Your data model of upstream and downstream river segments is a directed acyclic graph, where nodes (vertices) of that graph represent river segments and an edge (connection) between a node represents an upstream -> downstream relationship.

You can use the R package igraph to represent your data and compute on it.
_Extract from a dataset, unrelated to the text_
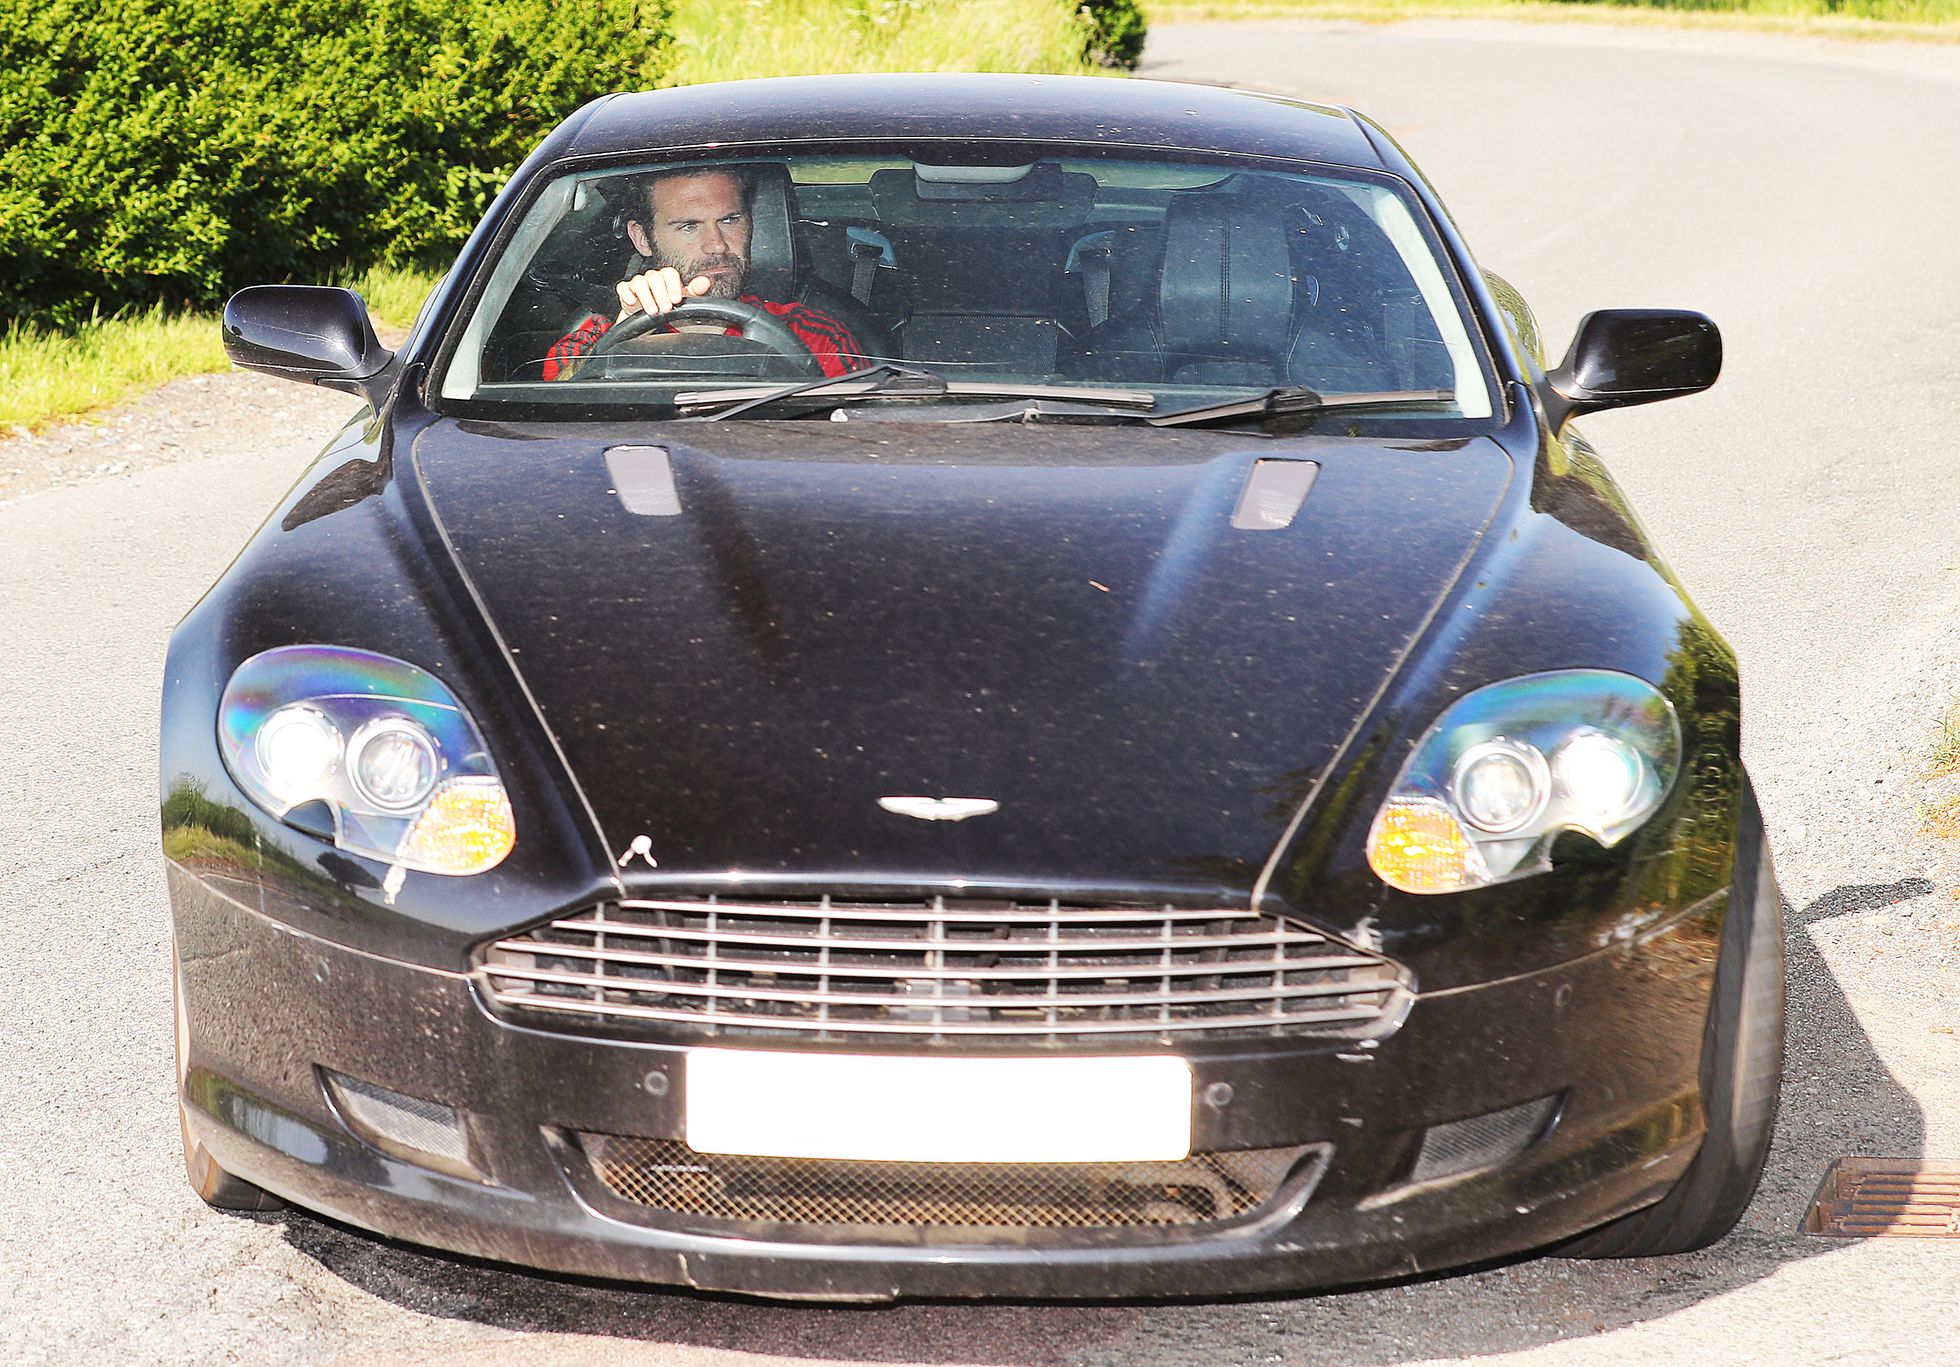 Hispaanlasest 32-aastane poolkaitsja Juan Mata oma lemmikauto Aston Martin DB9-ga. Auto hind on umbes 175 tuhat eurot. Hispaanlane jaoks pole see teab mis suur summa - täpselt tema nädala töötasu.

Given a directed acyclic graph, how do I determine all of the ancestors of a given node?

library(igraph)
a <- c(41397427, 41397438, 41397439, 41397440, 41397466, 41397467, 41397494, 41397495, 41397512, 41397513, 41397514, 41397566, 41397584)
b <- c(41397438, 41397494, 41397466, 41397439, 41397438, 41397440, 41397401, 41397440, 41397466, 41397439, 41397495, 41397495, 41397494)
df <- data.frame(HYRIV_ID = a, NEXT_DOWN = b)
xx <- graph_from_data_frame(df)

Now use the subcomponent function to find all nodes reachable from a specified vertex, that are going "into" that node (i.e., the ancestor chain):

# Point A
subcomponent(xx, "41397494", "in")
## + 13/14 vertices, named, from a2cc5ff:
## [1] 41397494 41397438 41397584 41397427 41397466 41397439 41397512 41397440
## [9] 41397513 41397467 41397495 41397514 41397566

# Point B
subcomponent(xx, "41397495", "in")
# + 3/14 vertices, named, from a2cc5ff:
# [1] 41397495 41397514 41397566

You can easily exclude the node of interest now if desired.